Prejudice reduction refers to a collection of techniques designed to break down these destructive stereotypes. Most often prejudice reduction programs take place on a small scale--in workshops, for example, which bring together people from different groups to help them develop a better mutual understanding. At times, efforts are made to reduce prejudice among the general population. This can be done with widespread media efforts and/or public education programs, often implemented during the grade school years.
In both small scale and large scale efforts, a first step which is critical to the success of these programs is an ability to overcome the many communications problems cited elsewhere in this training program. This is because a great deal of prejudice arises from simple misunderstandings and the tendency to make worse case assumptions in the absence of reliable information. At the workshop level, facilitators can help people explore their stereotypes, and learn to communicate with each other in a more open, trusting, and receptive way. At the community or societal level, misunderstandings can be addressed through carefully crafted public media campaigns and/or education programs designed to counter common stereotypes and present all groups in their best possible light.
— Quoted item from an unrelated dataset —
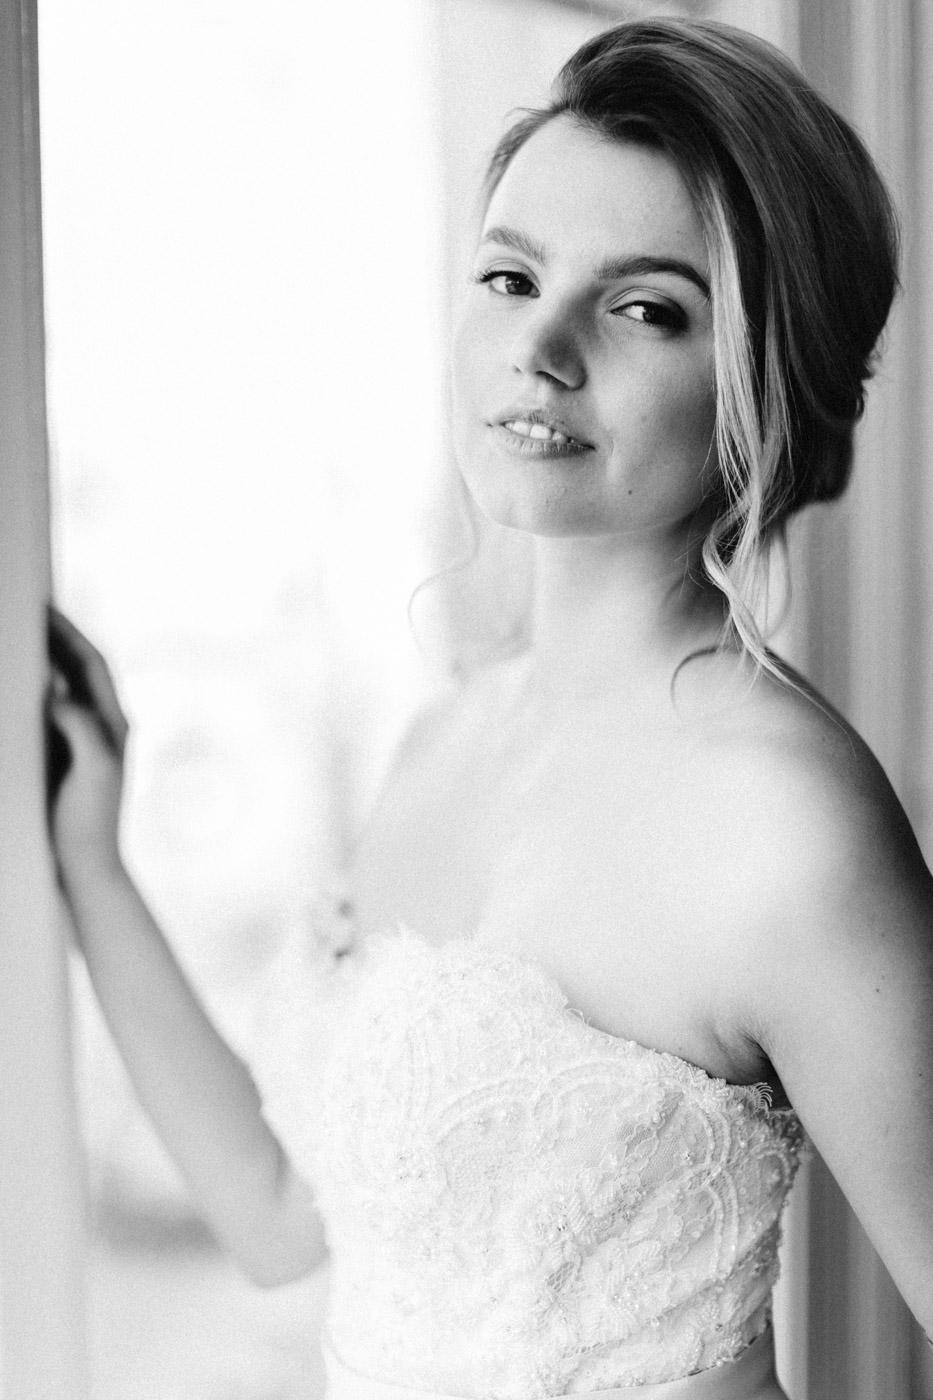 the_great_hall_wedding_photos 2017-170.jpg

Still, correcting poor communication may is not usually enough to overcome prejudice. Better communication may simply prove that the parties do, in fact, hold each other in mutual contempt, or that they are, indeed, trying to undermine each others interests. Often such hostility is the result of escalation processes which transform relatively minor provocations into intense confrontations. For this reason strategies for limiting escalation are also an essential component of effective prejudice reduction. This also can be attempted in workshop settings or at the larger, community level.
The final key to prejudice reduction is the willingness of the parties to tolerate their differences, especially with regard to moral issues. This is where the integrative system's search for common values which transcend differing values becomes critical.
All of these elements ultimately need to be combined into a coordinated process which will enable the parties to understand how prejudices are undermining their own interests and how prejudice reduction can be accomplished.
It is also important to recognize that there are likely to be some individuals who can be expected to resist any prejudice reduction efforts. While these individuals are likely to present continuing problems, the ability to reduce prejudices among other members of a group is still likely to yield important benefits.